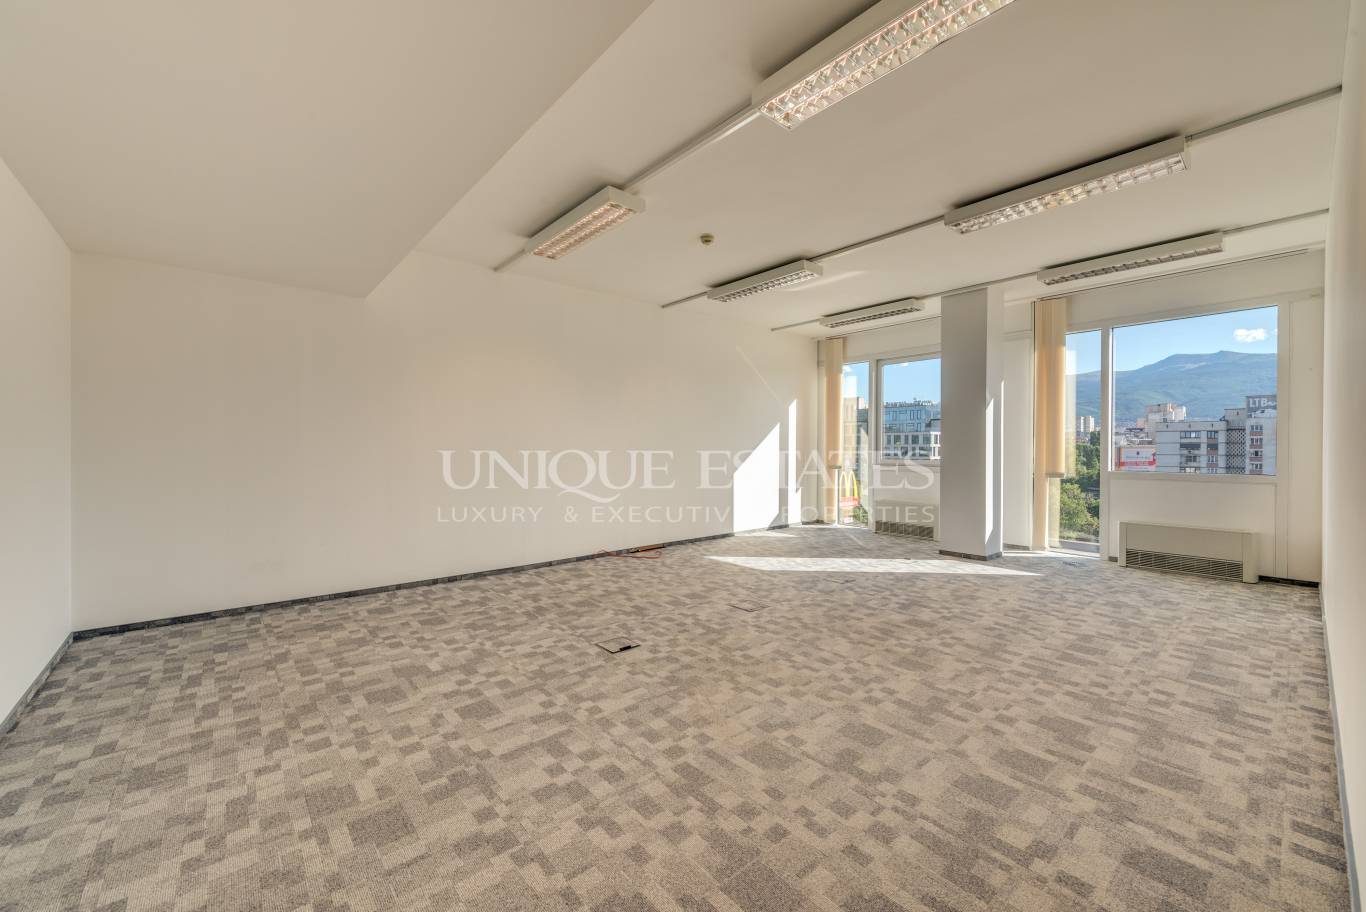 Office for rent in Sofia,  with listing ID: K15521 - image 10
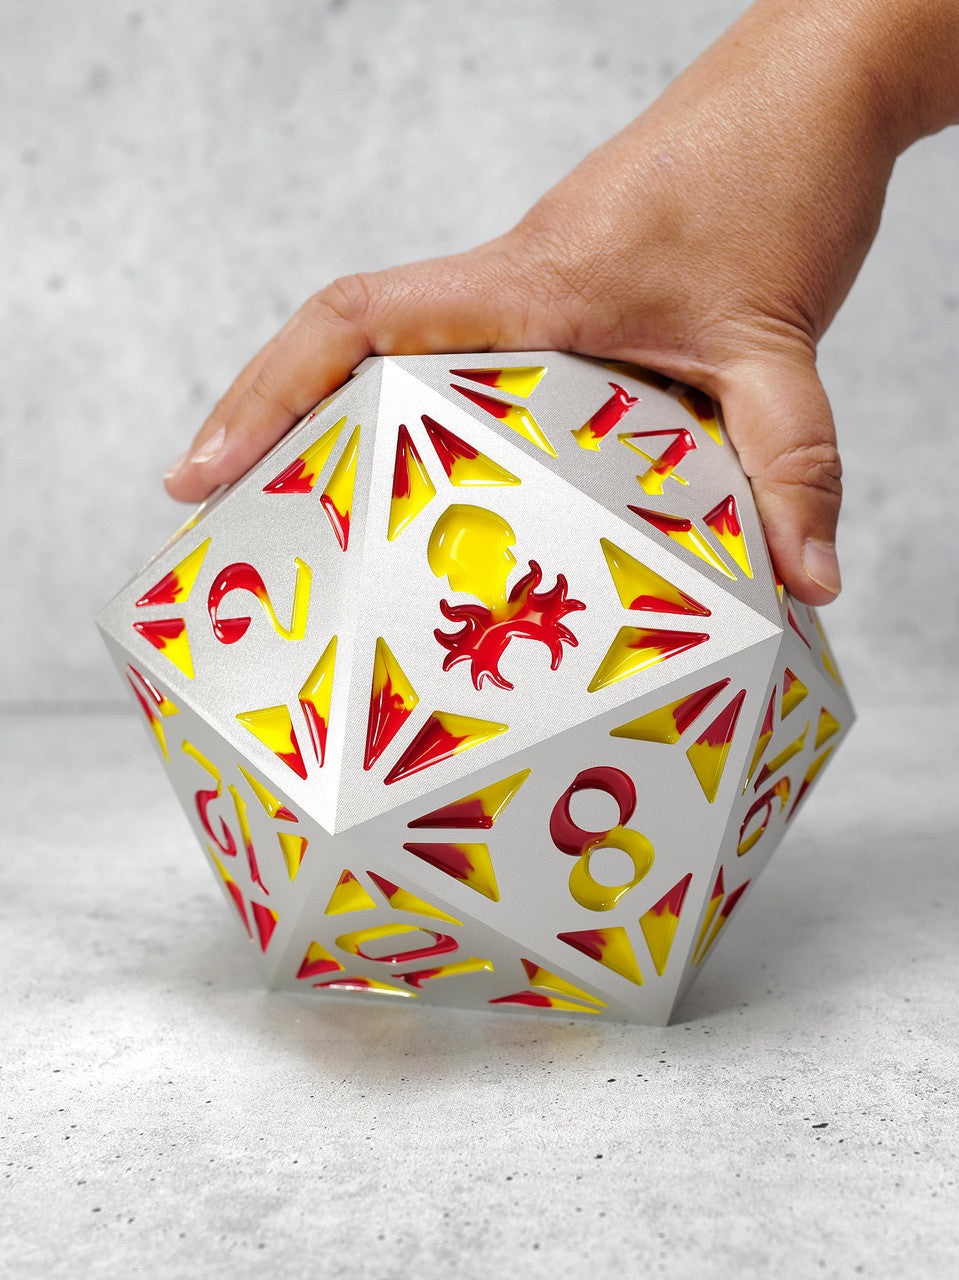 Leviathan Revival Solid Aluminum D20 inked in Red & Yellow
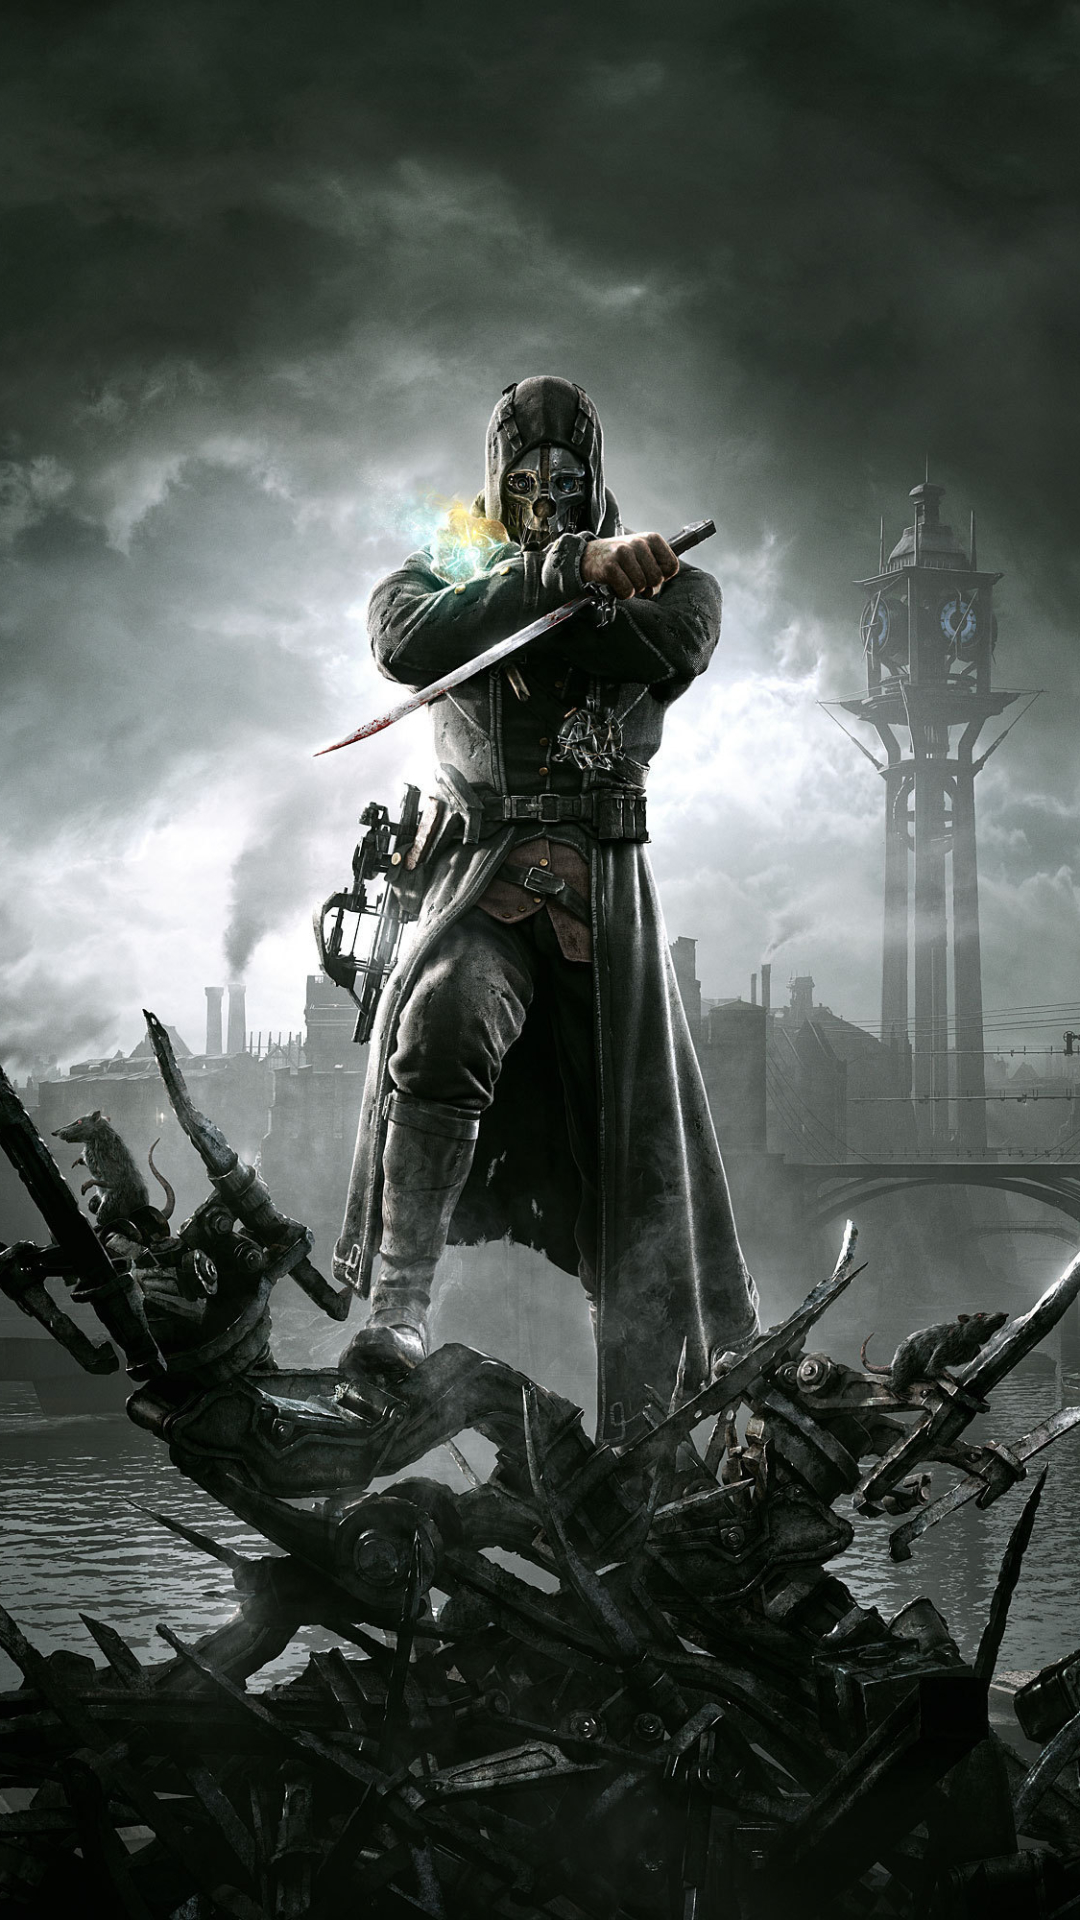 dishonored, video game, assassin, corvo attano, post apocalyptic, warrior cell phone wallpapers
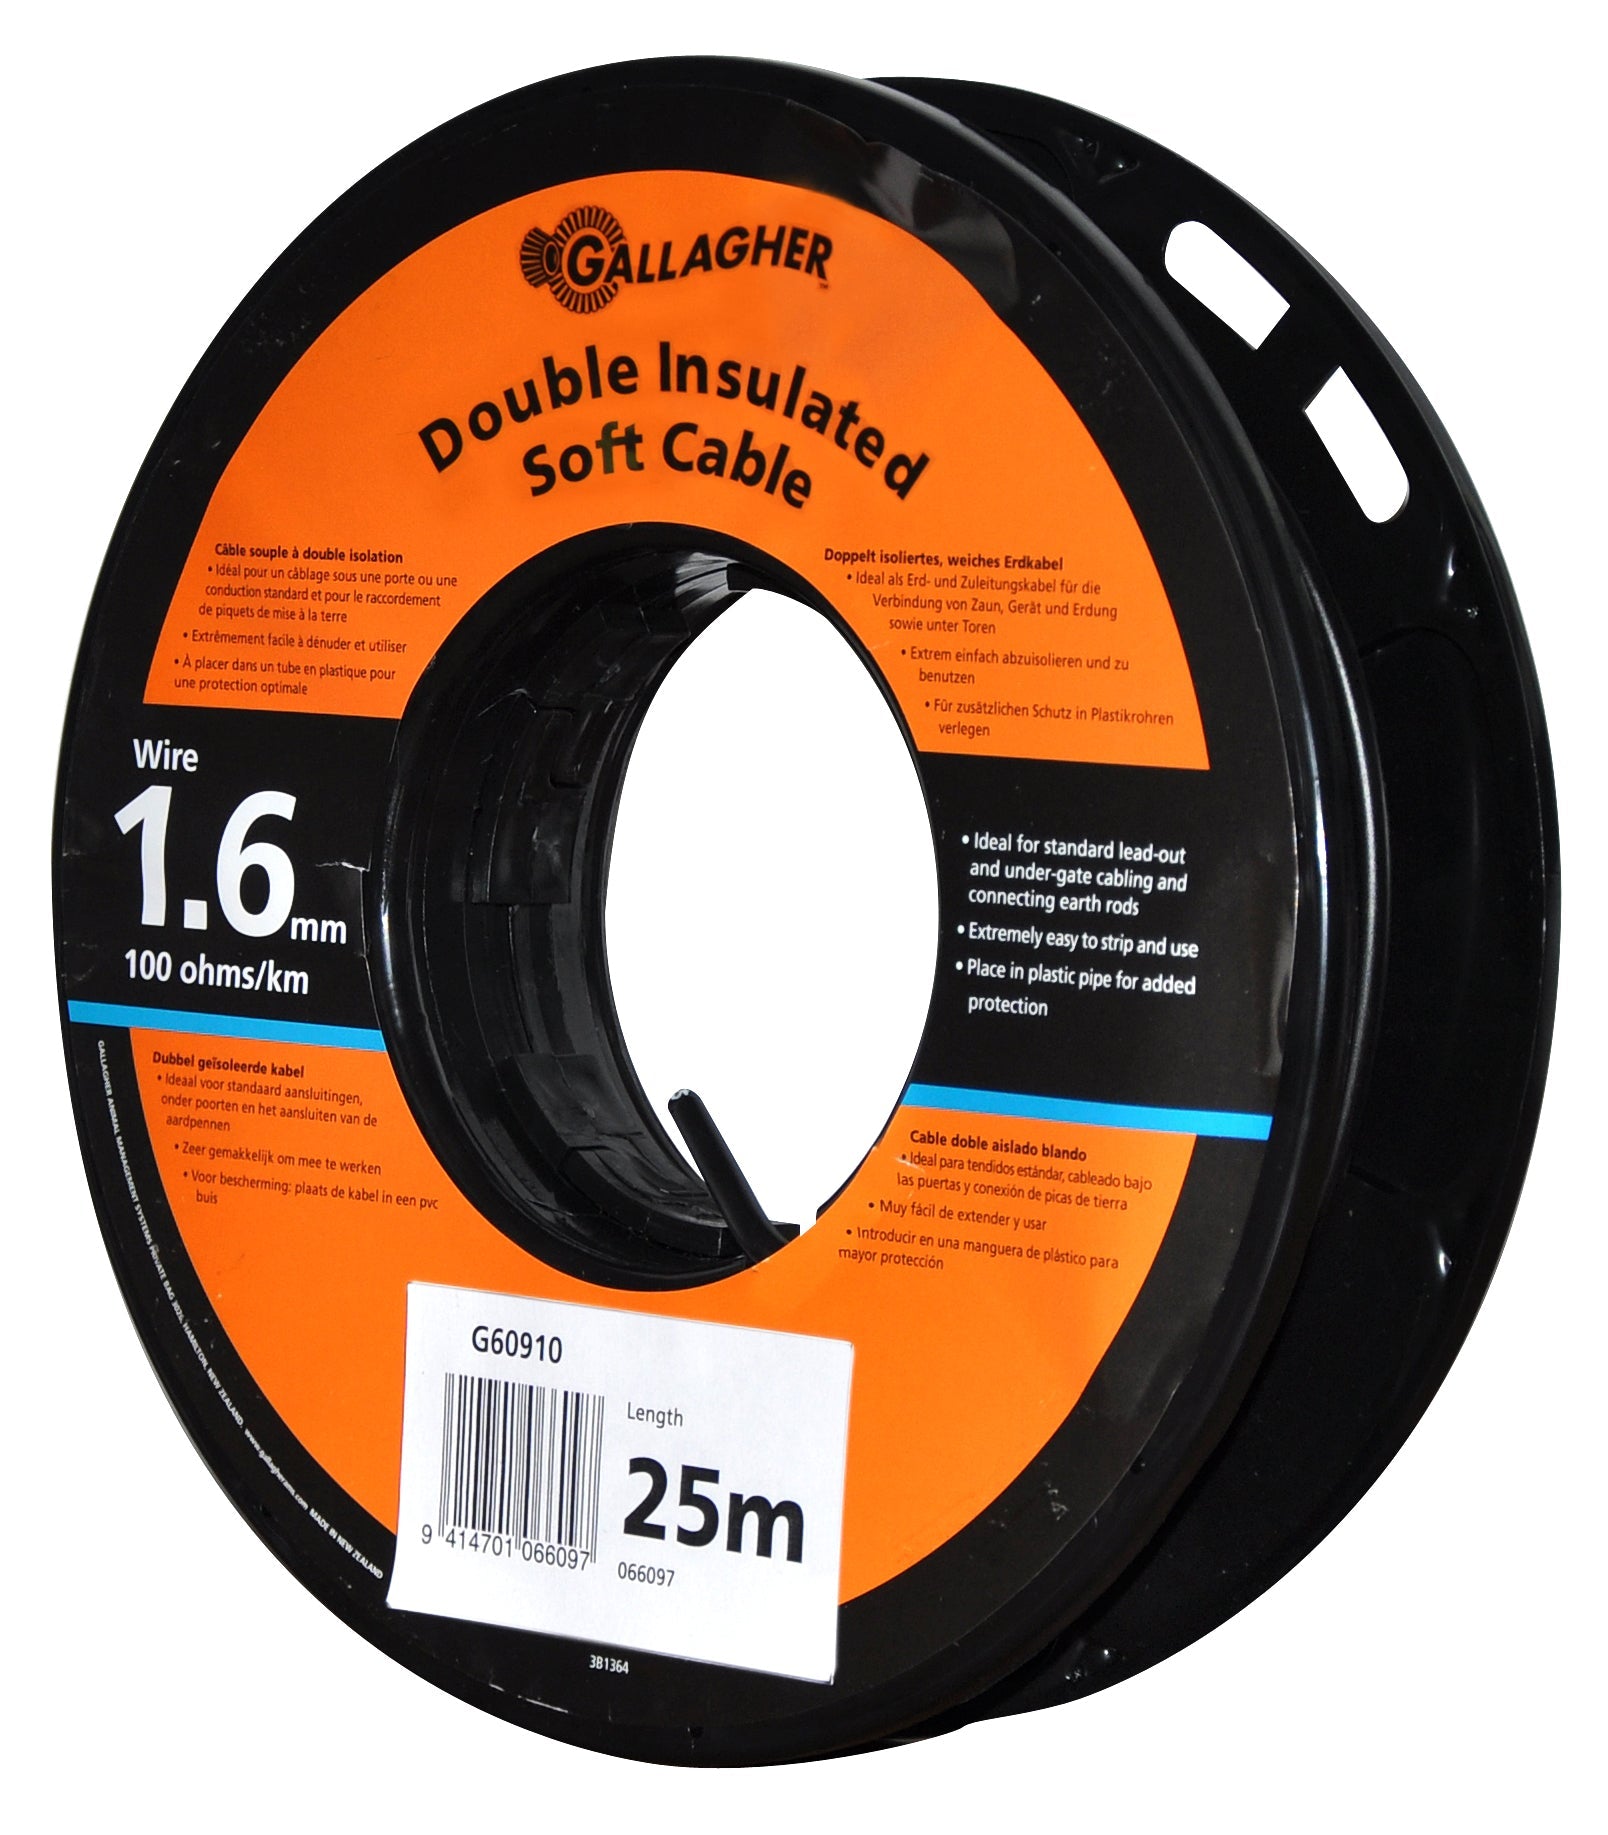 Lead out cable 1,6mm 25m 100 Ohm/km

Your task:
Copy the data word for word, no pictures.

Answer below:
 Office for rent in Sofia,  with listing ID: K15521 - image 10
 Leviathan Revival Solid Aluminum D20 inked in Red & Yellow
 dishonored, video game, assassin, corvo attano, post apocalyptic, warrior cell phone wallpapers
 Lead out cable 1,6mm 25m 100 Ohm/km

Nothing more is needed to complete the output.